Chosen option: Option A: Core Networking Layer as the sole HTTP gateway.

We will build an HttpClient that encapsulates supported HTTP operations, session management, retries/backoff, per-domain rate limits, per-domain circuit breakers, robots.txt fetch/cache/enforcement, download safeguards, and structured logging/metrics/tracing hooks. All adapters and future plugins must use this client; no outbound HTTP may bypass it.

Consequences

  • Good: Consistent, polite, and observable HTTP behavior; clearer debuggability during outages/bans.
  • Good: Clean separation between networking policies and business/adapters; enables safe plugin/extensibility above the core.
  • Good: Stable response/meta shapes simplify adapter development and external contributions.
  • Bad: Migration effort to replace direct HTTP usage; perceived rigidity for quick hacks.
  • Bad: Sync-first limits peak throughput until the async variant lands.
  • Risk: Misconfigured limits/breakers can resemble slowness, creating false positives.

Confirmation

  • Contract tests for policy enforcement (rate limits, retries/backoff, circuit breakers, robots).
  • Integration tests against recorded/local servers to verify HTTP operations and download safeguards.
  • Lint/checks to block new direct HTTP usage outside HttpClient.
  • Design/code reviews to ensure adapters/plugins only call the core client.

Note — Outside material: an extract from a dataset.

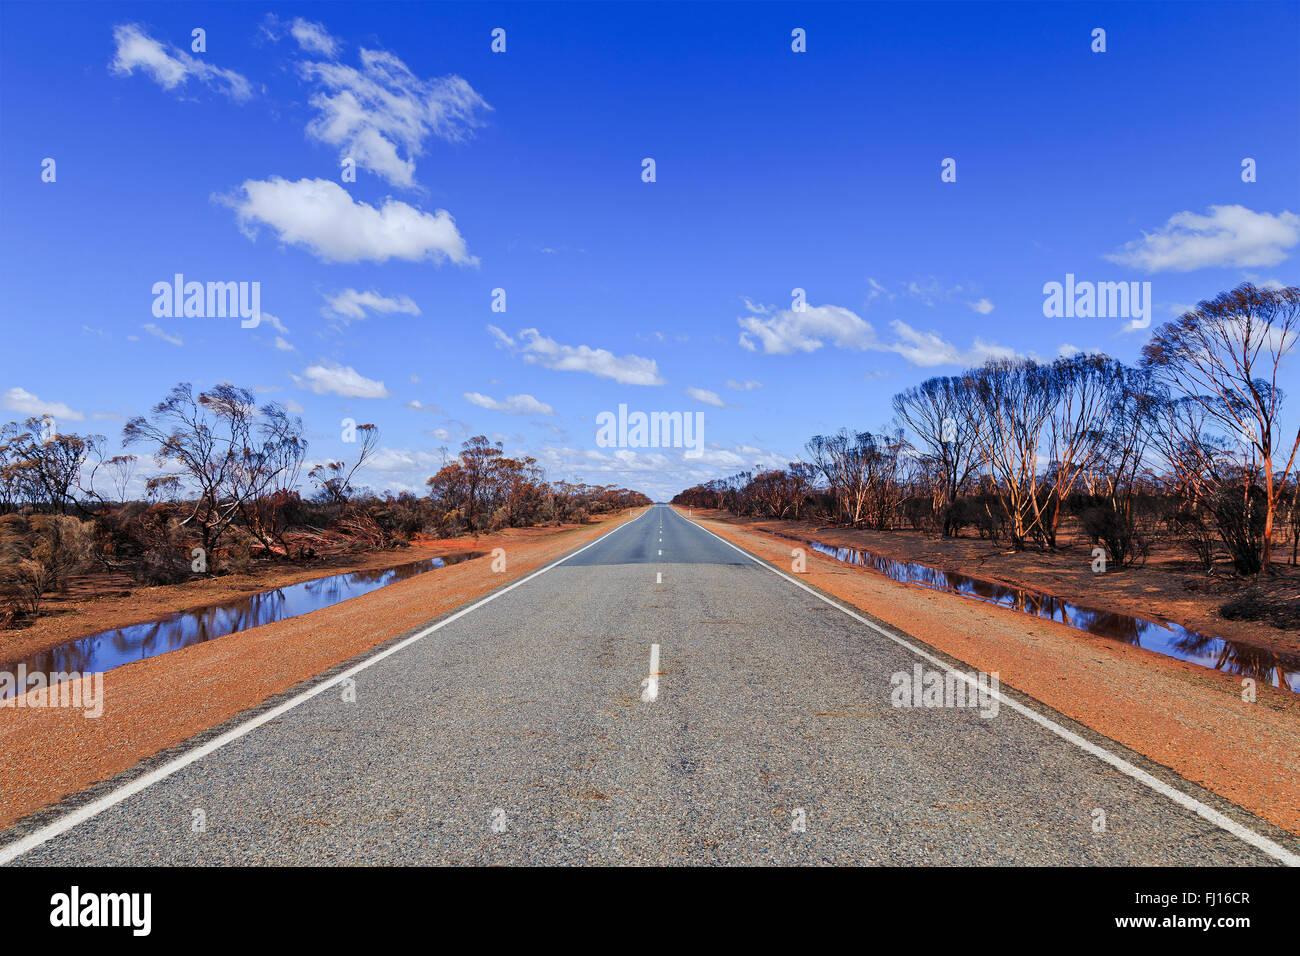 Larghezza del vuoto strada sigillato in Western Australia dopo grave bushfires distruggendo gumtree boschi intorno Immagini Stock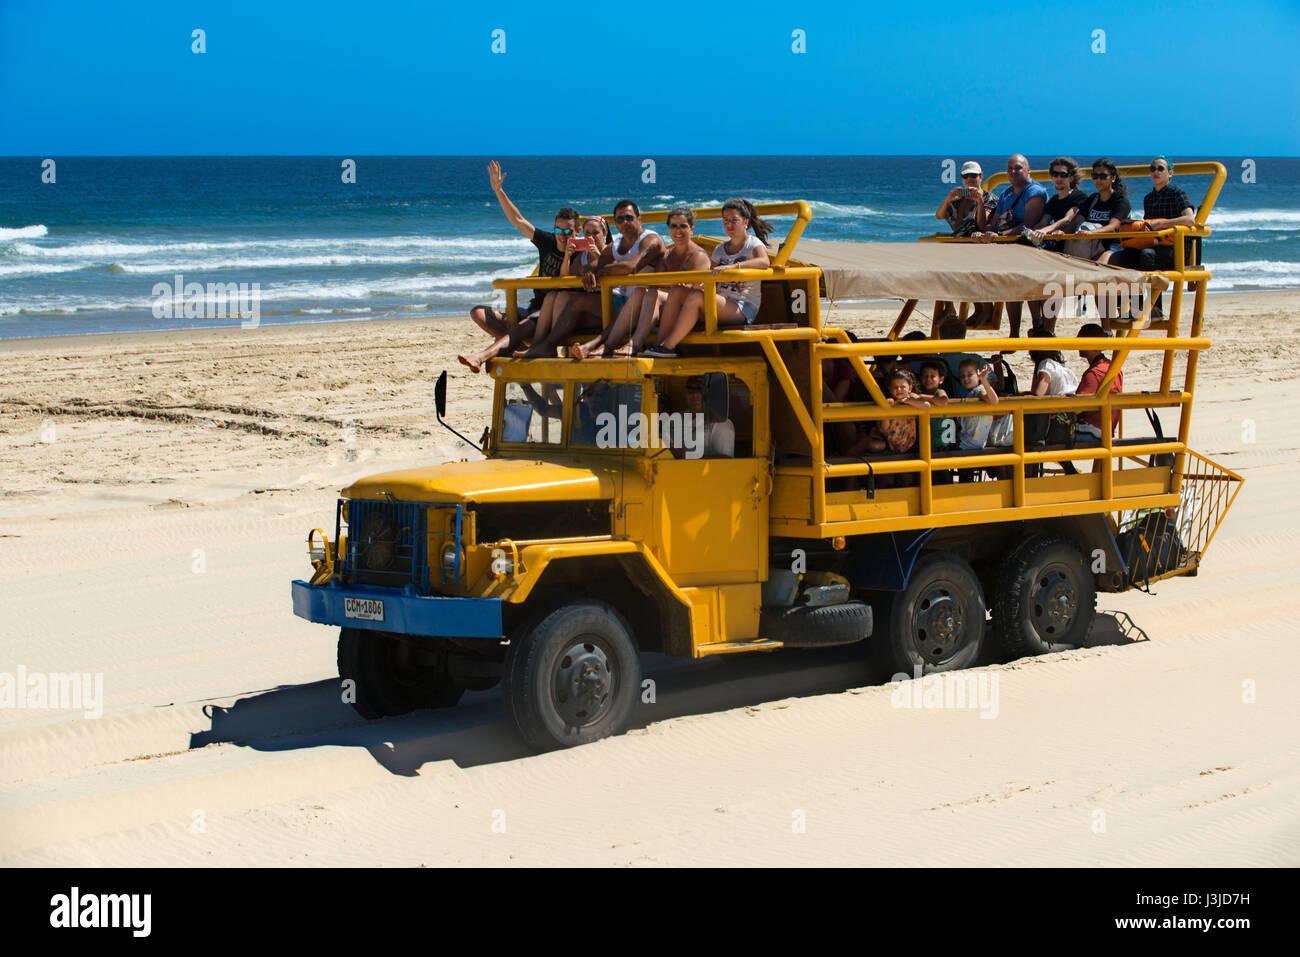 Camions spéciaux sont utilisés pour se rendre à l'hameau, Cabo Polonio, Rocha, Ministère Photo Stock

Pros and Cons of the Options

Option A: Core Networking Layer as the sole HTTP gateway

  • Good, because networking policies (politeness, retries, breakers) are centralized and consistent.
  • Good, because observability hooks and response/meta contracts are uniform.
  • Good, because adapters/plugins can stay business-focused with a stable API.
  • Bad, because it requires migration effort and discipline to avoid bypasses.
  • Neutral, because sync-first simplifies delivery now but defers async throughput.

Option B: No core layer; direct HTTP in adapters

  • Good, because it is simple with no new abstraction.
  • Bad, because policies and observability stay fragmented and brittle.
  • Bad, because global changes (rate limits, tracing) risk regressions across adapters.
  • Bad, because contributors could introduce inconsistent behaviors or bypass safeguards.

Option C: Networking as a separate microservice

  • Good, because it isolates traffic policy operationally.
  • Bad, because it adds operational burden and latency without clear MVP benefit.
  • Bad, because it complicates local development and testing.

More Information

  • Future ADRs: async networking variant with API parity; proxy/identity management; recommended default profiles for common domain classes.
  • Enforcement: repository tooling will flag direct HTTP usage outside HttpClient.
  • Implementation plan (high level): establish core types (HttpClient, HttpClientConfig, error taxonomy); implement sync pipeline with policies; replace direct HTTP usage; add tests and migration guidance.